In the entries below, begin at the line that has "goedkoop Draaideurkast Münster", stop after the line that has "音乐夏天与琴键、花、音乐笔记和蝴蝶的节日背景", and output those lines exactly with no pictures.

### Materials provided ###

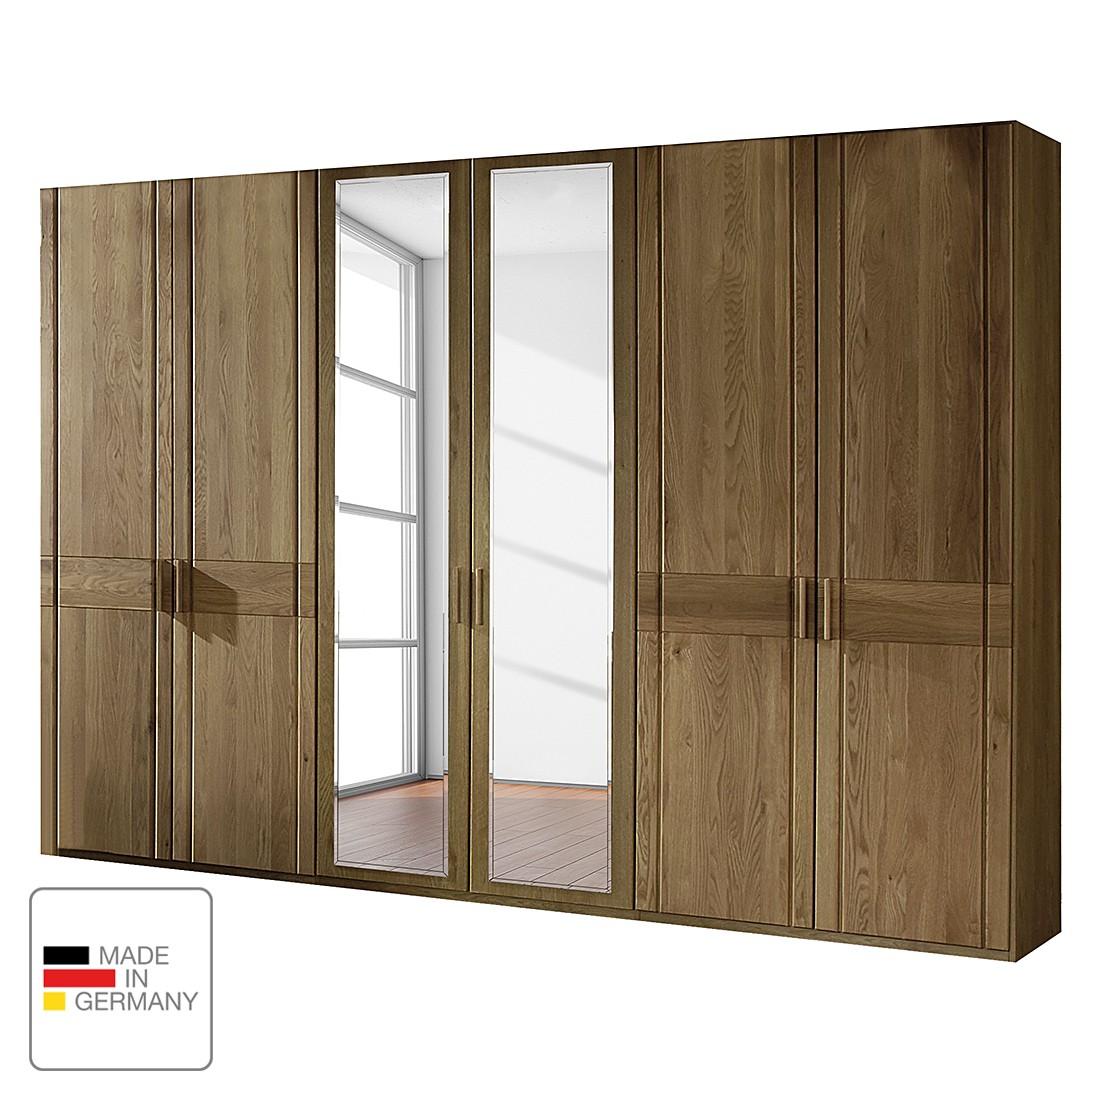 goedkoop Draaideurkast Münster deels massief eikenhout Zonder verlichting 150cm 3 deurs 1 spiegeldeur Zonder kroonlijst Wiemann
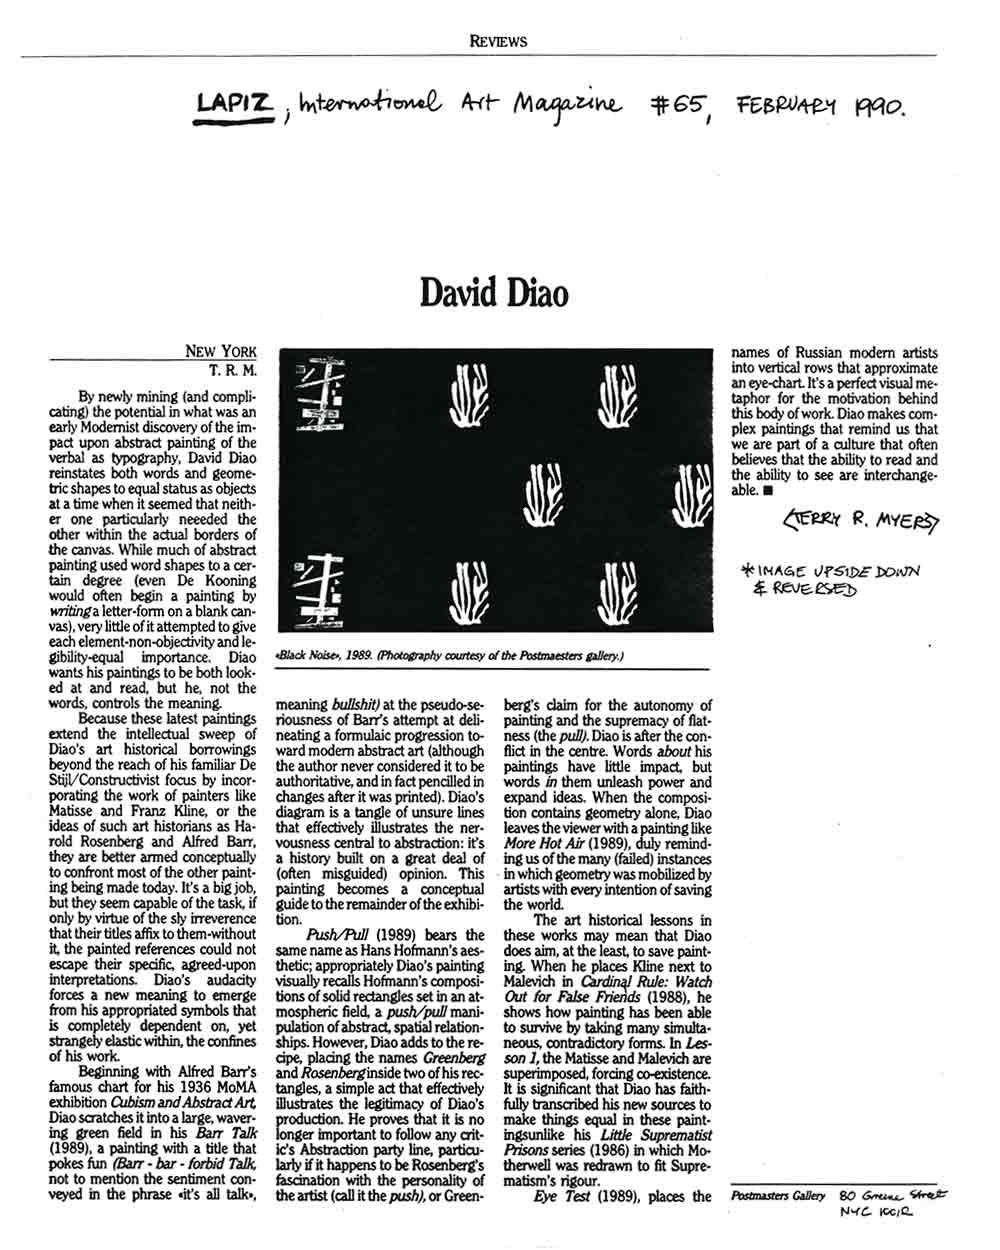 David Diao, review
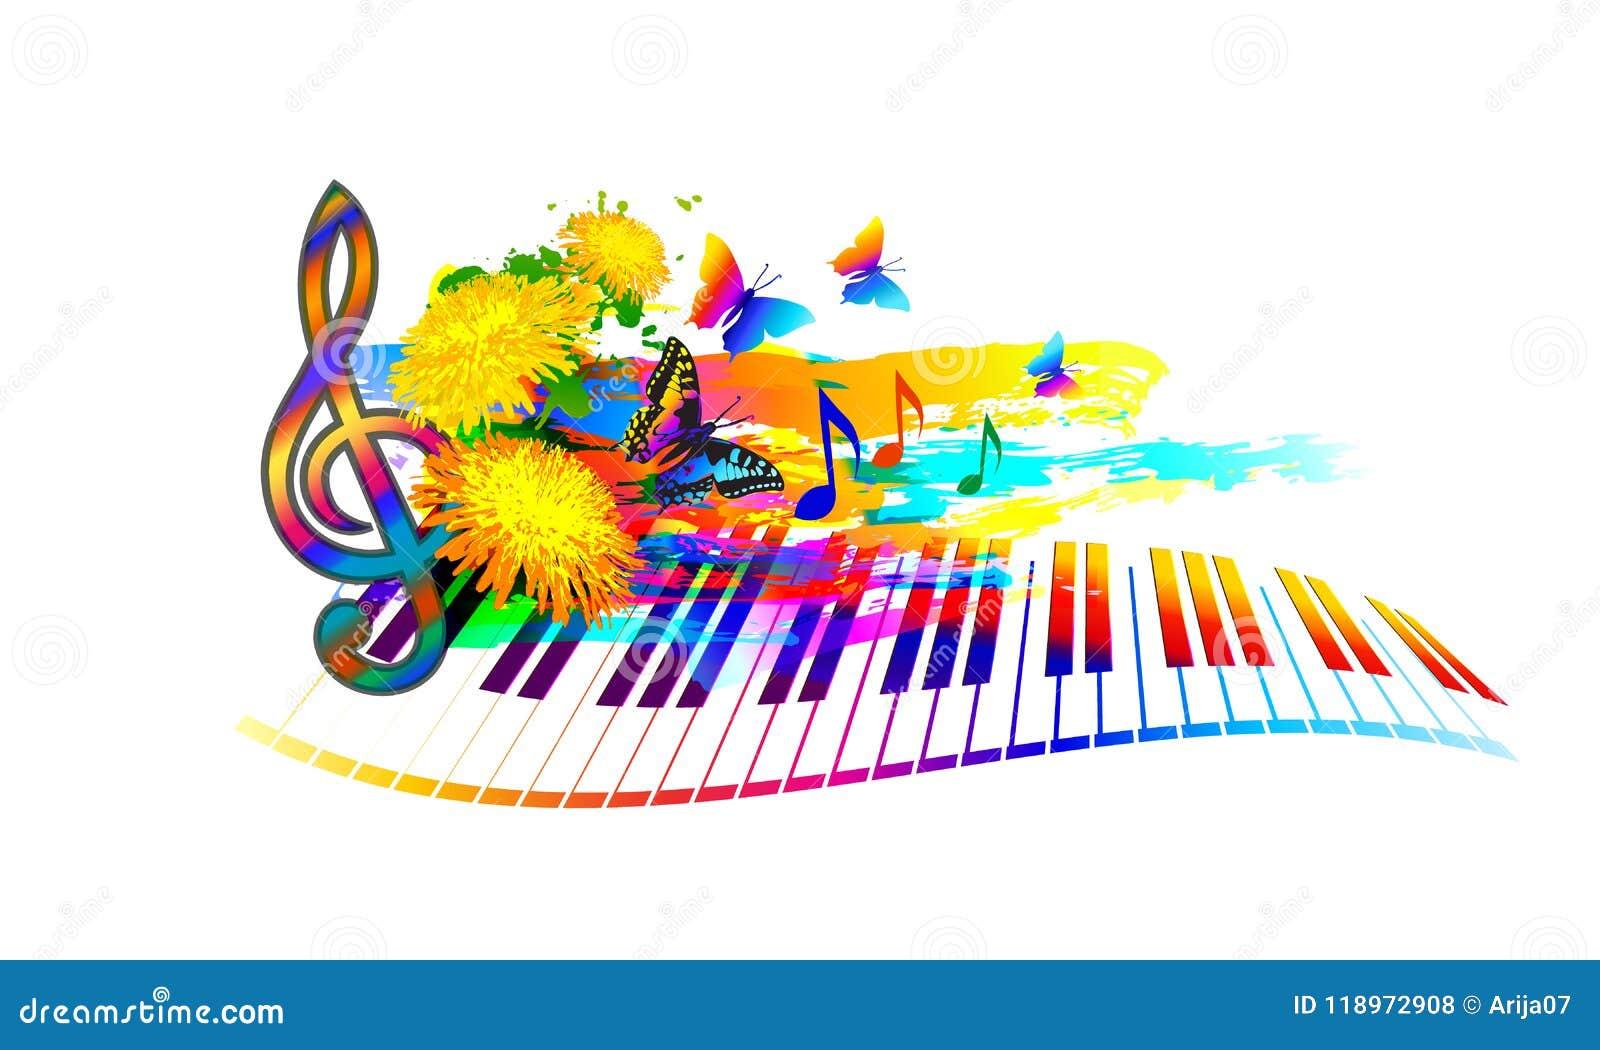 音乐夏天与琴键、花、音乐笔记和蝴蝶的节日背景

###
### Materials provided ###

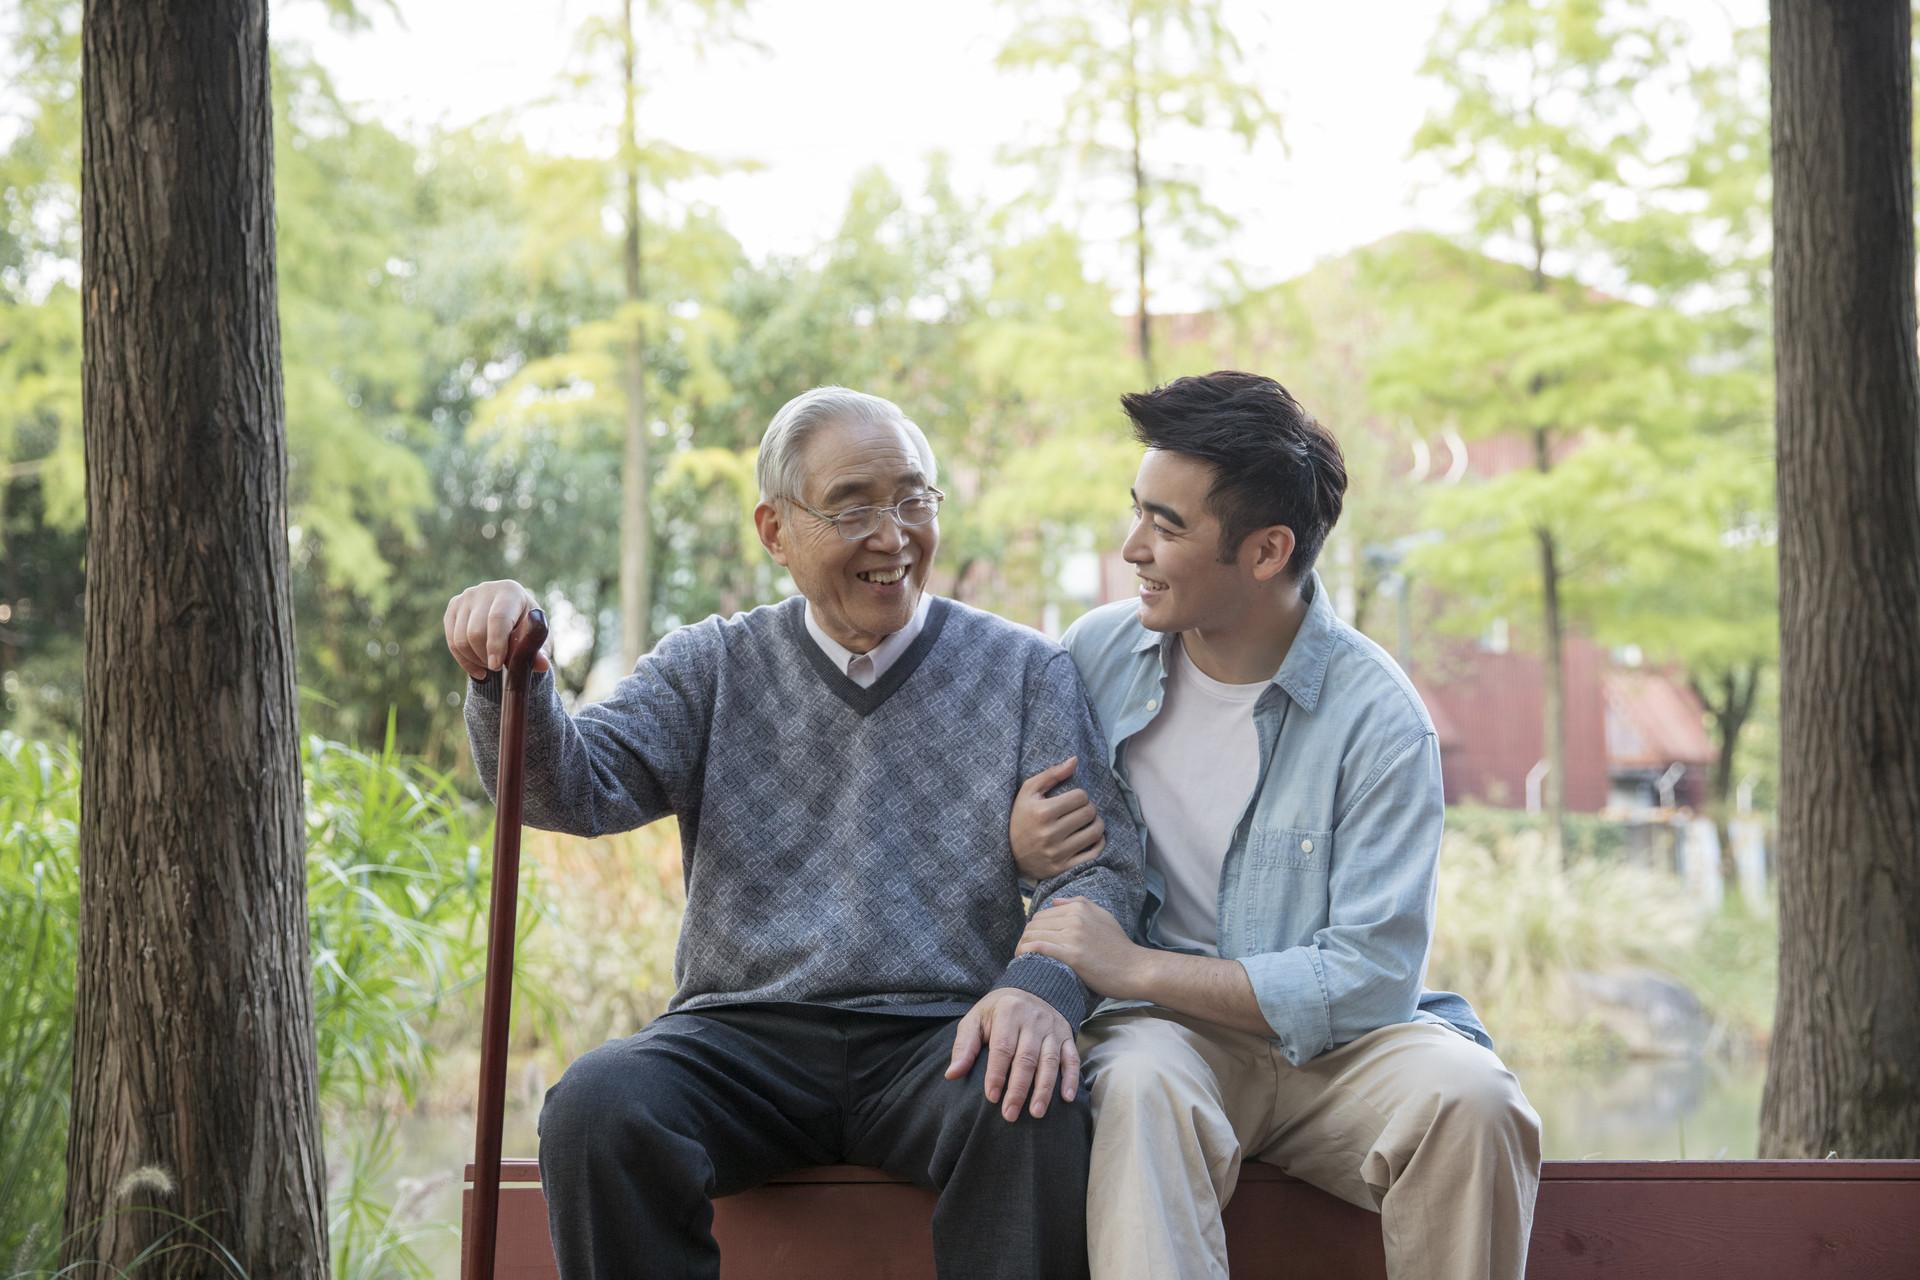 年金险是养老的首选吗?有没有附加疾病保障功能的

###

> [Answer to this exercise]
 goedkoop Draaideurkast Münster deels massief eikenhout Zonder verlichting 150cm 3 deurs 1 spiegeldeur Zonder kroonlijst Wiemann
 David Diao, review
 音乐夏天与琴键、花、音乐笔记和蝴蝶的节日背景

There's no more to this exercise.